This is a cross-post of a question I asked today on StackExchange.
tl;dr I am trying to accurately benchmark some vectorized operations, and compare them between systems. But benchmarking is hard to do well, and I am getting inconsistent results: performance is switching, apparently randomly, between "slow" and "fast". Why?
Here is some code that benchmarks adding two packed arrays of size n
, where n
is just above a million. The timing is measured 5 times, to ensure consistency, then n
is increased a bit, then the summation is timed again, etc. The whole benchmark is repeated twice.
Table[
n = 1000000 + k;
SeedRandom[120];
a = RandomReal[1, n];
b = RandomReal[1, n];
{k, Table[First@RepeatedTiming[a + b;], {5}]},
{2}, {k, 20000, 200000, 20000}
]
The results are below. In each row, the first number is the array size, the rest are the 5 timings.
{{ {20000, {0.000799, 0.000801, 0.000797, 0.000804, 0.000800}},
{40000, {0.00224, 0.00225, 0.00223, 0.00224, 0.00223}},
{60000, {0.00226, 0.00226, 0.00227, 0.00226, 0.00226}},
{80000, {0.00229, 0.00229, 0.00229, 0.00229, 0.00229}},
{100000, {0.00087, 0.000868, 0.000874, 0.000873, 0.00089}},
{120000, {0.00235, 0.00236, 0.00235, 0.00236, 0.00235}},
{140000, {0.00240, 0.00240, 0.00240, 0.00239, 0.00240}},
{160000, {0.00245, 0.00246, 0.00245, 0.00246, 0.00245}},
{180000, {0.00097, 0.000964, 0.000965, 0.000961, 0.000963}},
{200000, {0.00255, 0.00258, 0.00254, 0.00256, 0.00254}}},
{{20000, {0.00224, 0.00224, 0.00224, 0.00220, 0.00221}},
{40000, {0.00224, 0.00224, 0.00223, 0.00224, 0.00223}},
{60000, {0.00227, 0.00227, 0.00227, 0.00226, 0.00227}},
{80000, {0.00234, 0.00235, 0.00233, 0.00230, 0.00230}},
{100000, {0.00233, 0.00232, 0.00232, 0.00233, 0.00233}},
{120000, {0.00234, 0.00238, 0.00235, 0.00239, 0.00237}},
{140000, {0.00238, 0.00238, 0.00238, 0.00238, 0.00238}},
{160000, {0.00247, 0.00245, 0.00245, 0.00246, 0.00245}},
{180000, {0.000965, 0.000961, 0.000962, 0.000967, 0.000968}},
{200000, {0.00254, 0.00259, 0.00255, 0.00254, 0.00254}}}}
Things to notice:
- The 5 timings for the same array are always consistent.
- The timings are generally proportional to the array size.
- However, I see some "fast" (about 0.0008 s) and some "slow" (about 0.002 s) timings.
- Between the two runs, it is not always the same array size that is fast. Look at 20,000, 80,000 and 180,000 in the first run and 180,000 in the second run. These change randomly between runs.

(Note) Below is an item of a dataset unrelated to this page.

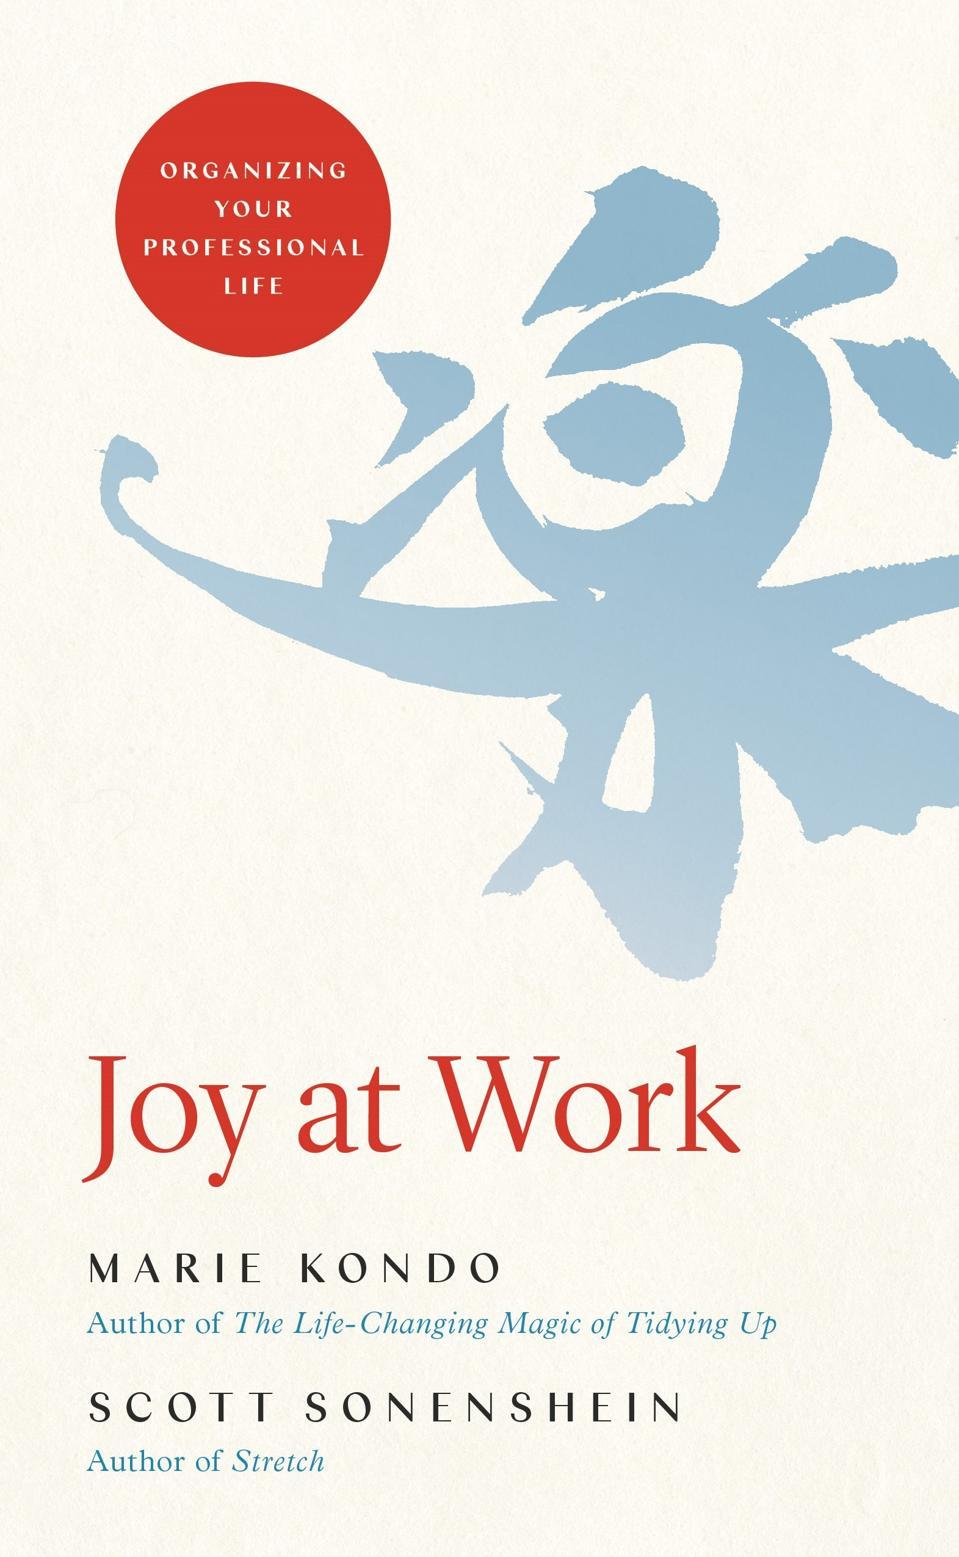 marie kondo joy at work organizing professional scott sonenshein workplace career book

- "Slow" and "fast" differ by a very significant factor of about 2.5-2.6.
Why do I see this switching between fast and slow timing? What is causing it? It prevents me from getting consistent benchmark results.

The measurements were done with Mathematica 11.1.0 on a 2014 MacBook Pro (Intel(R) Core(TM) i7-4870HQ CPU @ 2.50GHz
, 4 cores) connected to AC power. Turbo Boost is disabled using this tool.

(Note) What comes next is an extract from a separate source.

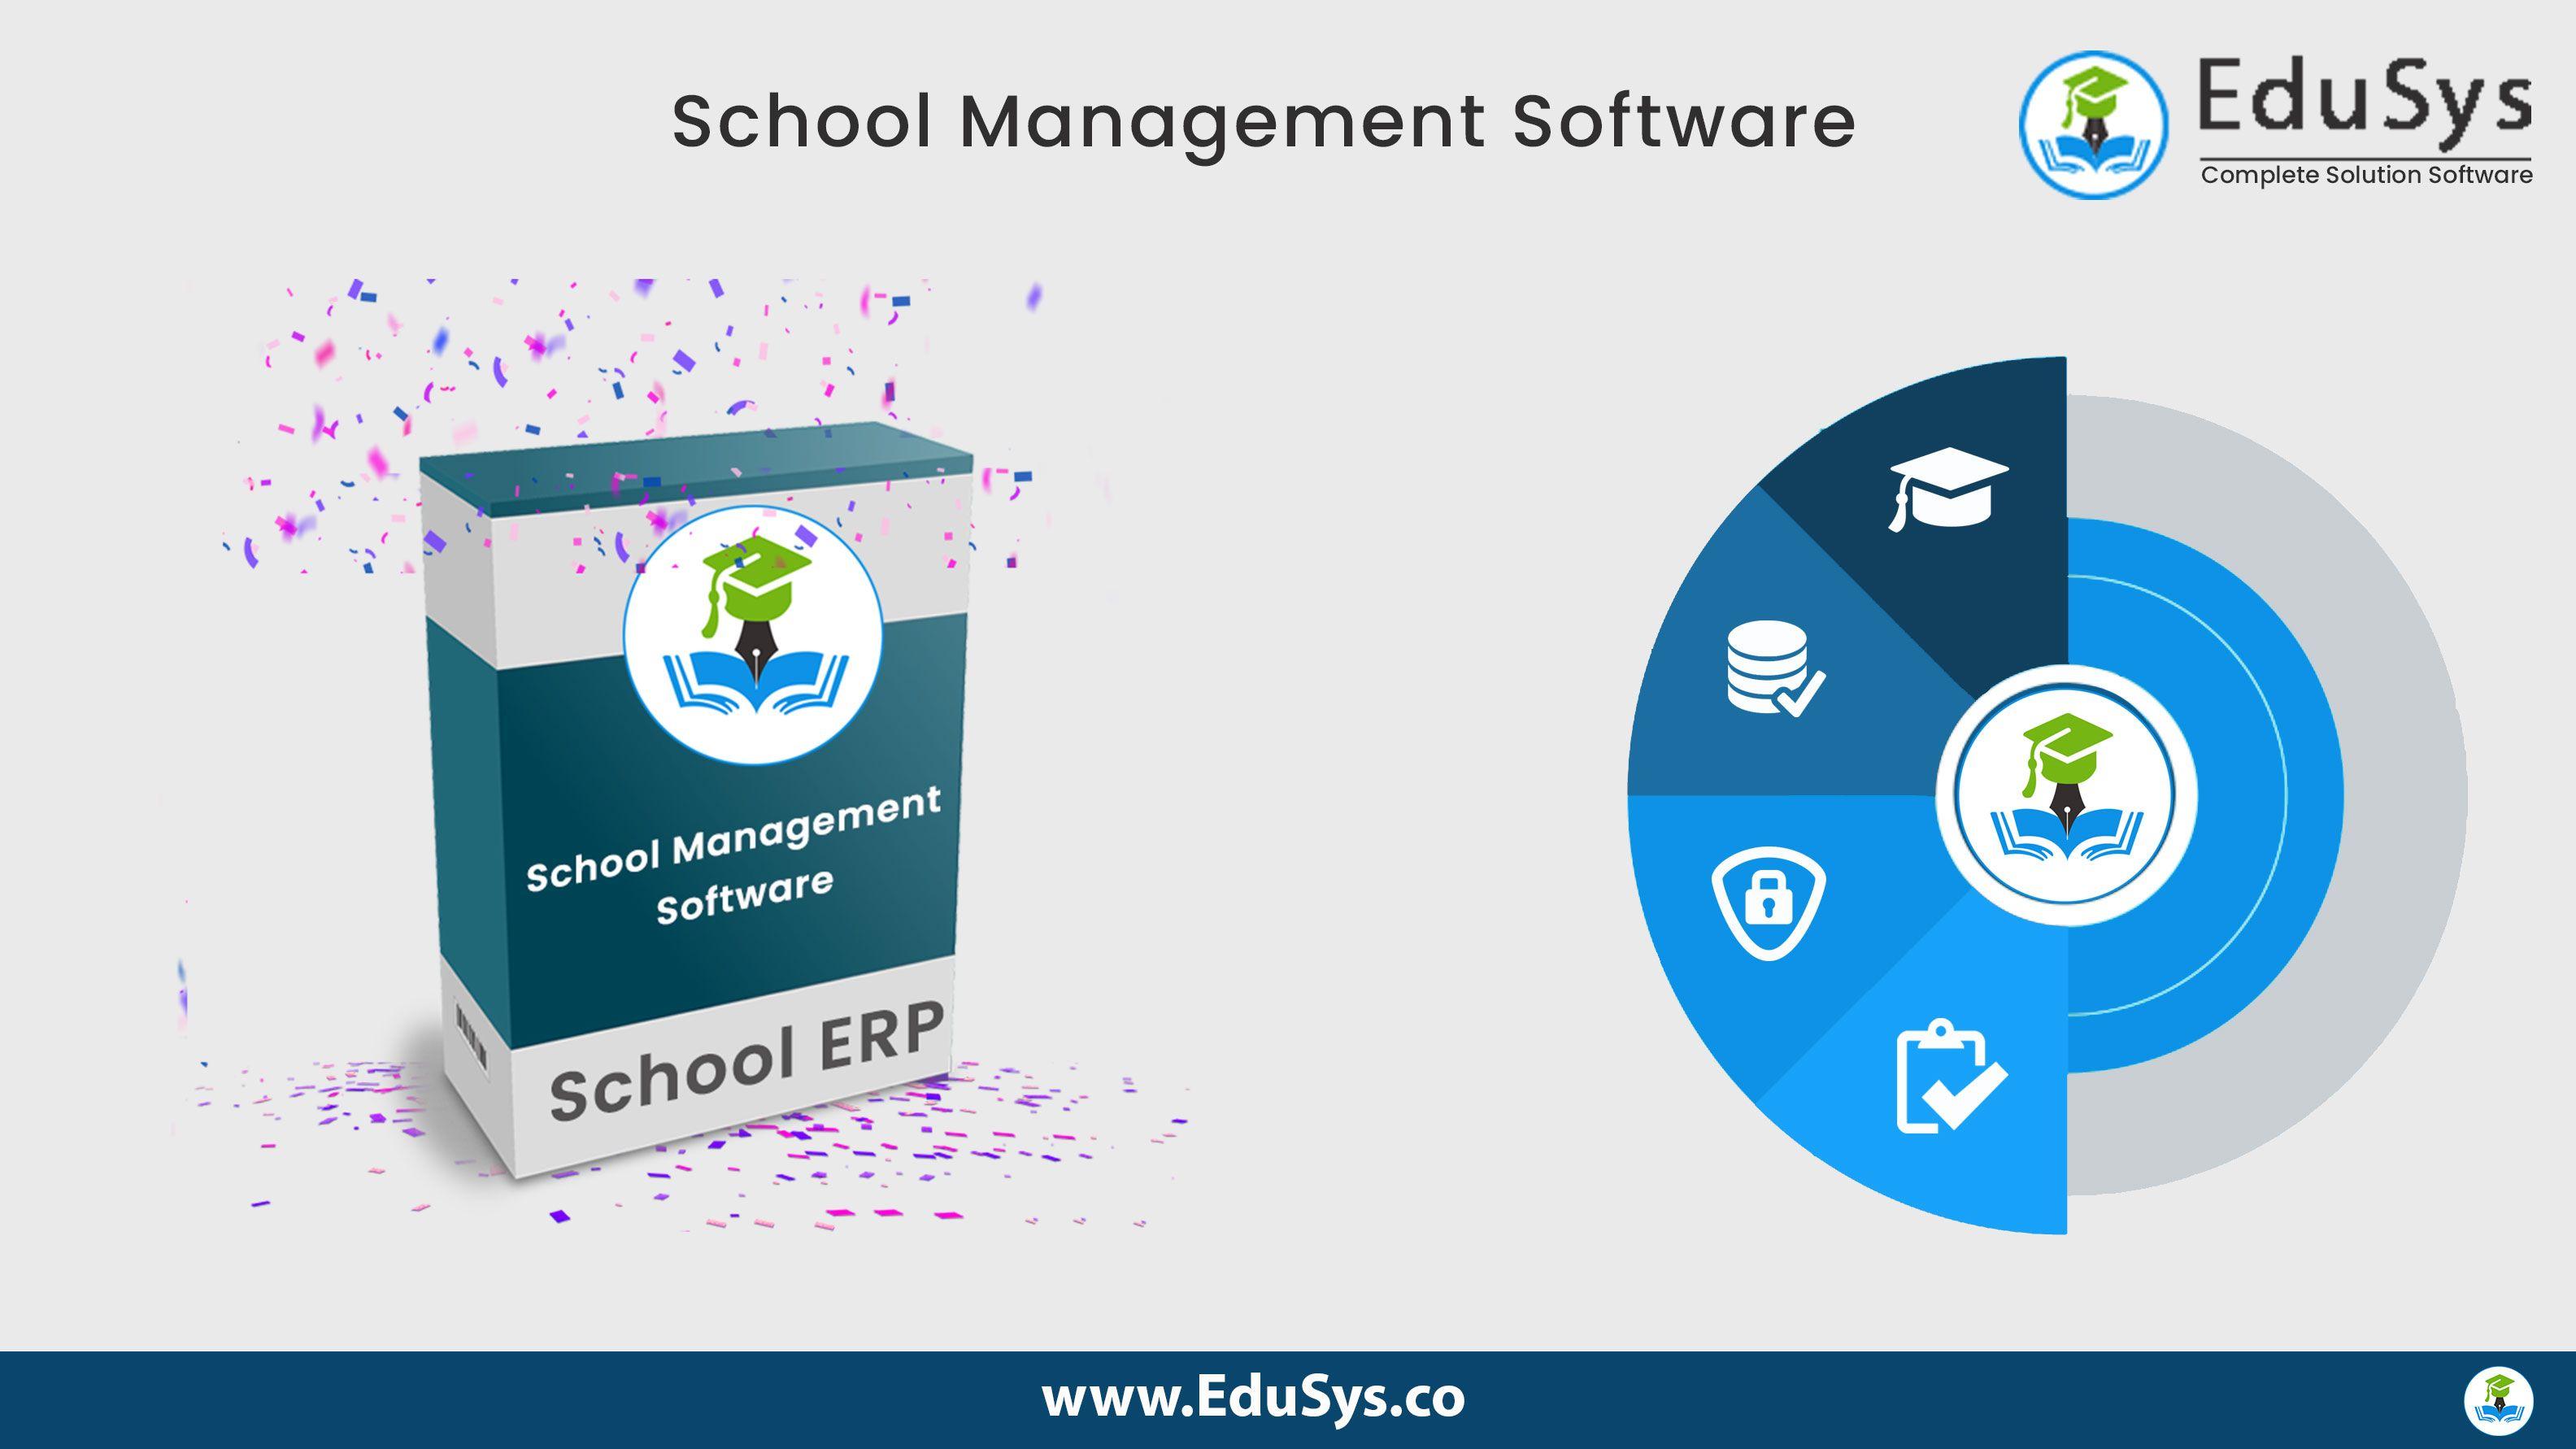 School Management Software Key Features Free Website 30

I closed other programs as much as possible (but there are always many background tasks on a modern OS).
You might think that such short timings are not relevant in real-world applications. But remember that RepeatedTiming
repeats the operation enough times to run for at least a second. I still get some fast timings if I increase this to as many as 15 seconds, or if I run the test many times consecutively.
I compared RepeatedTiming
with AbsoluteTiming@Do[..., {bigNumber}]
, and there is no difference (other than the occasional fast-slow switching).

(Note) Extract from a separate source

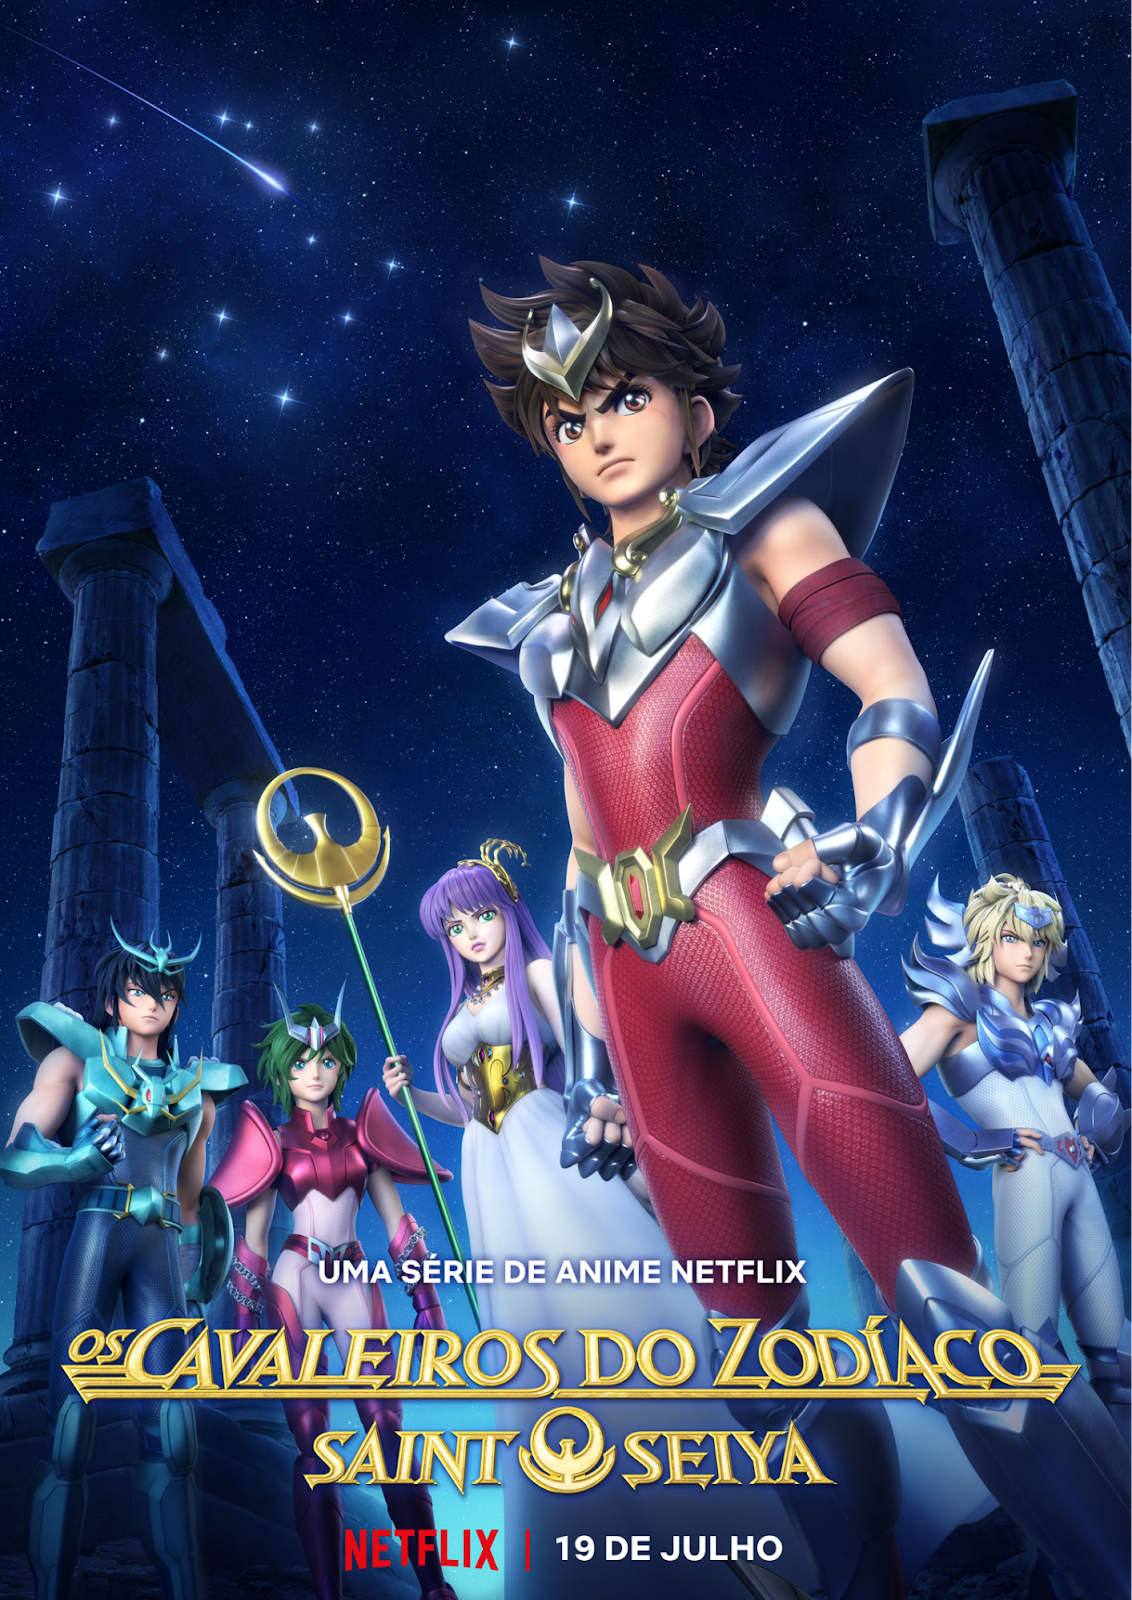 Saint Seiya Cavaleiros do Zodíaco Netflix

I noticed that longer arrays are less likely to produce fast timings than shorter ones, but I am not sure. I also noticed that running a long one tends to cause the subsequent short one to be slow again. Due to the fickle nature of the results, it is hard to be sure about these things.
On first sight, this may not look like a Mathematica question. But benchmarking is hard, and many things can go wrong. If I post it on another site, people may rightfully suspect that it is something specific to Mathematica that is causing it.
I believe that vector arithmetic is parallelized in Mathematica. There is an interesting talk here by Mark Sofroniou from WTC2016, which also discusses how the stragety used to distribute parlallel threads between cores can have a significant impact on performance.